Time and again I've seen the school environment turn into this magnified area of focus for people who assume it will be a way to boost their social life and then invariably get disappointed when they don't get invited to everything. We'd all do ourselves a big favour if we treated it as a place for the education of our children and not as an extension of secondary school.

EstoyRobandoSuCasa · 09/06/2026 11:20

I rather think that those who talk about “the cool gang” and tell OP she “isn’t up to their standard” are the ones who’ve never left secondary school behind!

Ditto those who can’t see that excluding one mum at a kids’ activity while they physically close ranks is unkind and bad mannered.

Peachsandcream · 09/06/2026 11:29

If they actively block you from joining in, then I think you move on and look it at it as their loss.

Primary school friendships are always usually transitory anyway

Thepeopleversuswork · 09/06/2026 11:56

EstoyRobandoSuCasa · 09/06/2026 11:20

I rather think that those who talk about “the cool gang” and tell OP she “isn’t up to their standard” are the ones who’ve never left secondary school behind!
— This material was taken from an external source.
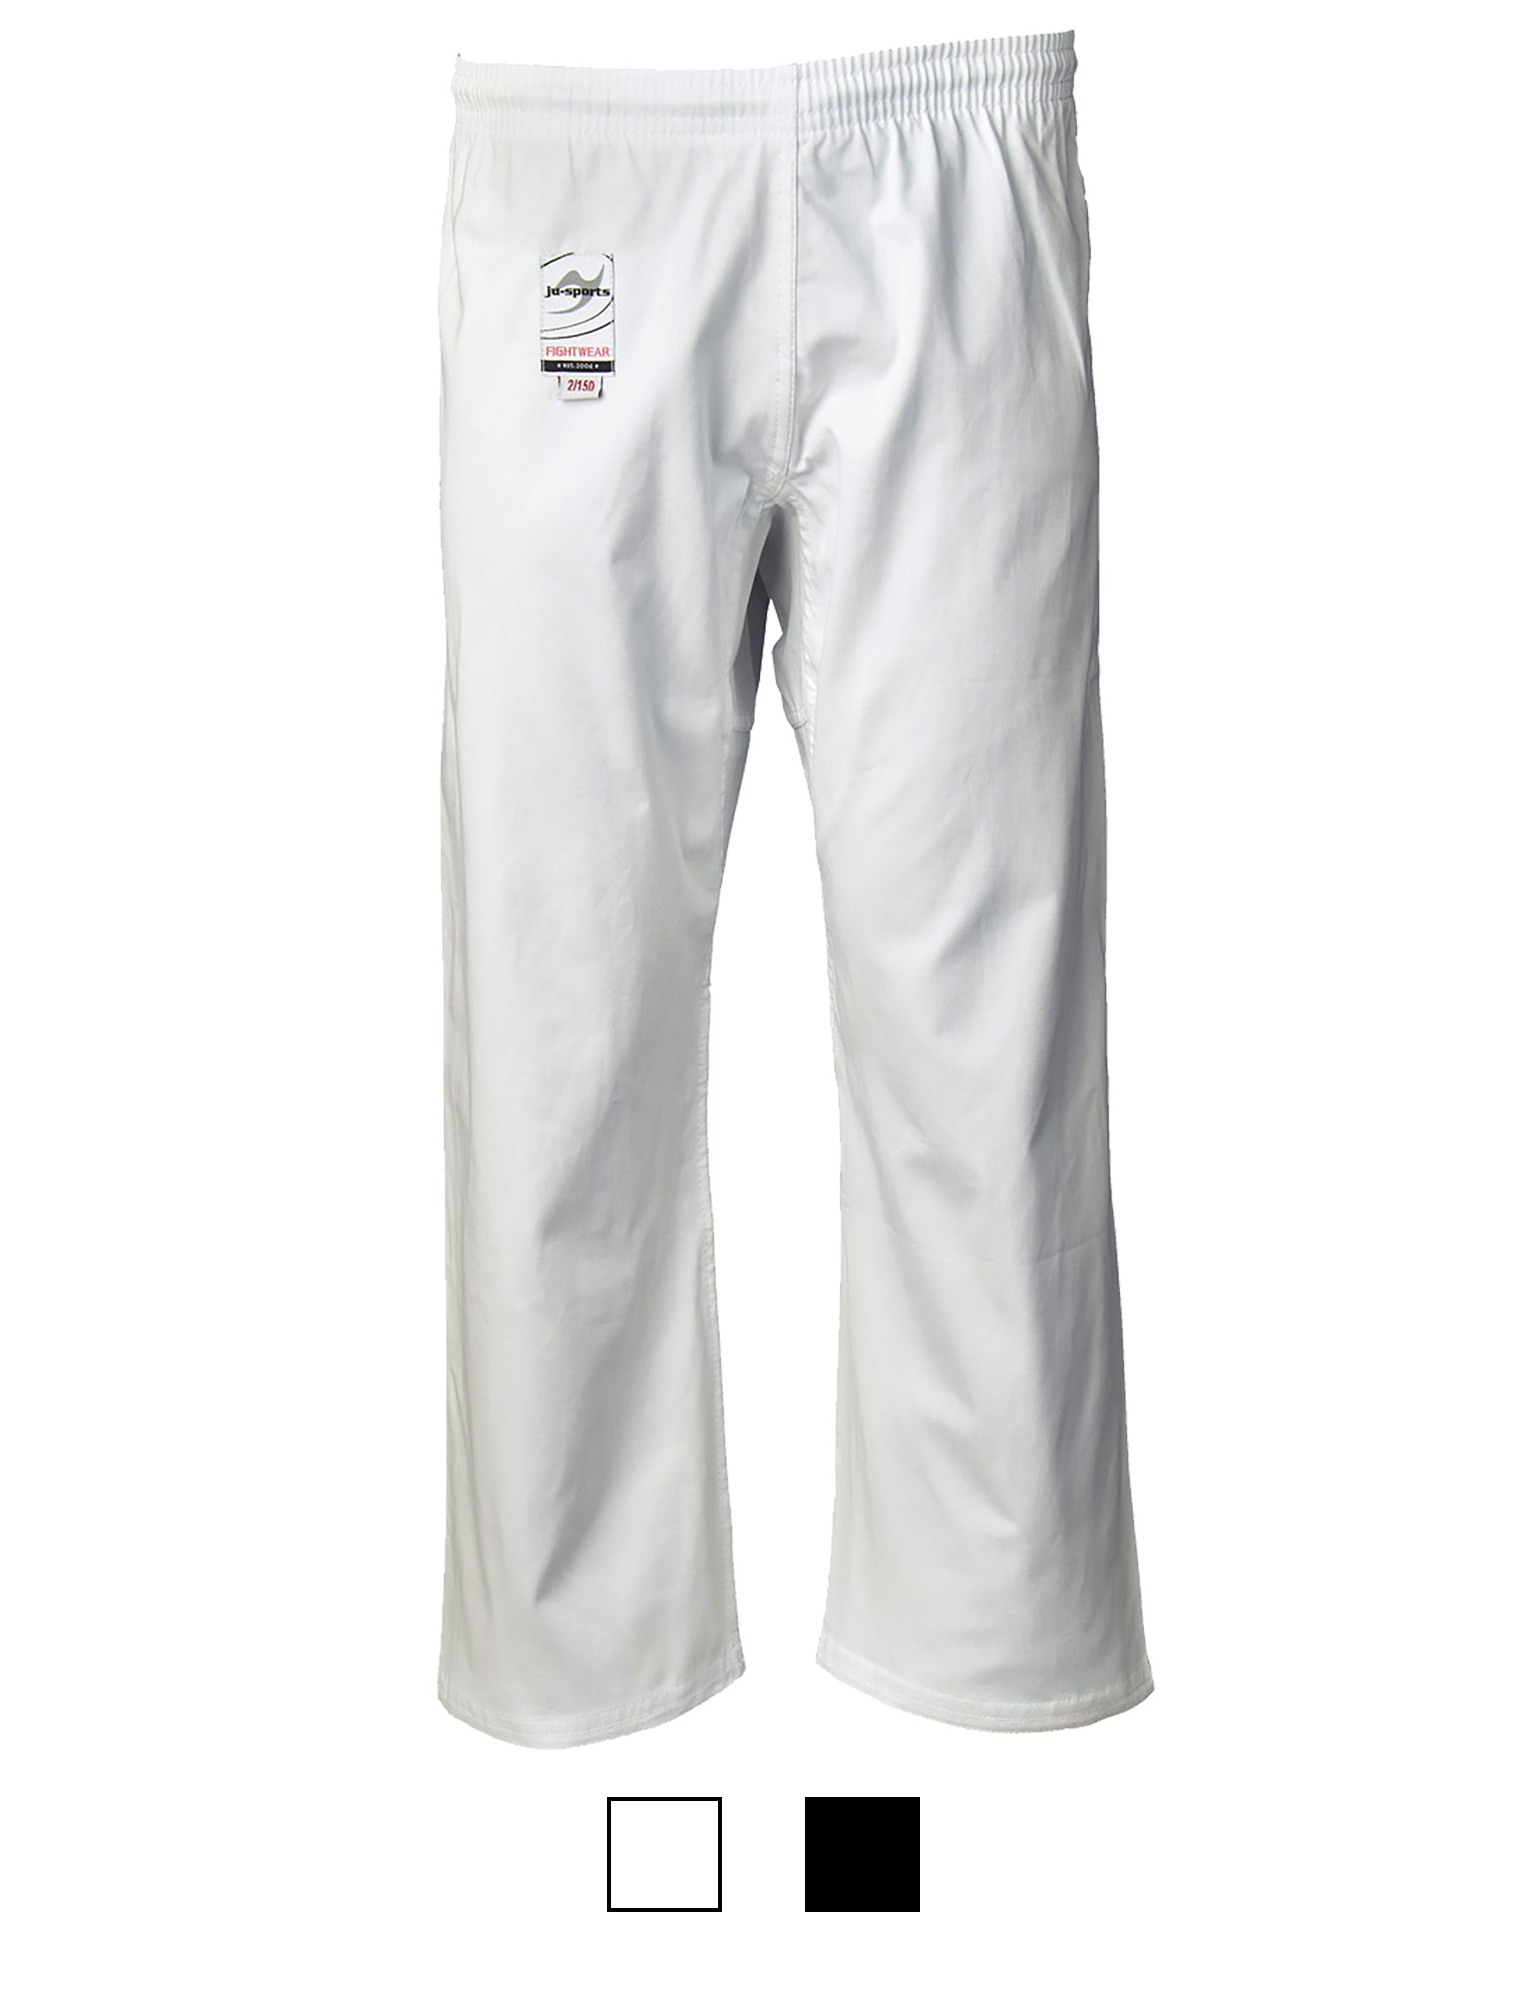 Ju-Sports Karate Pants white

Ditto those who can’t see that excluding one mum at a kids’ activity while they physically close ranks is unkind and bad mannered.

Edited

What is meant by “physically close ranks” though.

We are always expected to believe there is some sort of conspiracy to exclude people but when you look at the facts all we know is that the OP went up to talk to some people who acknowledged her and then went back to a prexisting conversation. There’s so much nuance to this its impossible to know what was involved.

If these were a group of friends having an intimate or difficult conversation and the OP came up they could have had good reasons to want to continue talking. Its possible they were actively rude but its much more likely they were just busy or distracted. People seem to want to attribute the darkest possible motives to these casual interactions.

Building relationships is a slow burn process which can go in fits and starts. It’s rarely as simple as saying hello to someone and immediately being invited into their intimate inner circle.

Its impossible to make friends if every minor failiure to strike up a lifelong friendship is interpreted as a deliberate sleight. It’s draining and tedious to be on the receiving end of this: no one wants this kind of pressure from people they meet in passing at school.

You’re far more likely to make friends if you just chill out and learn to take things in your stride.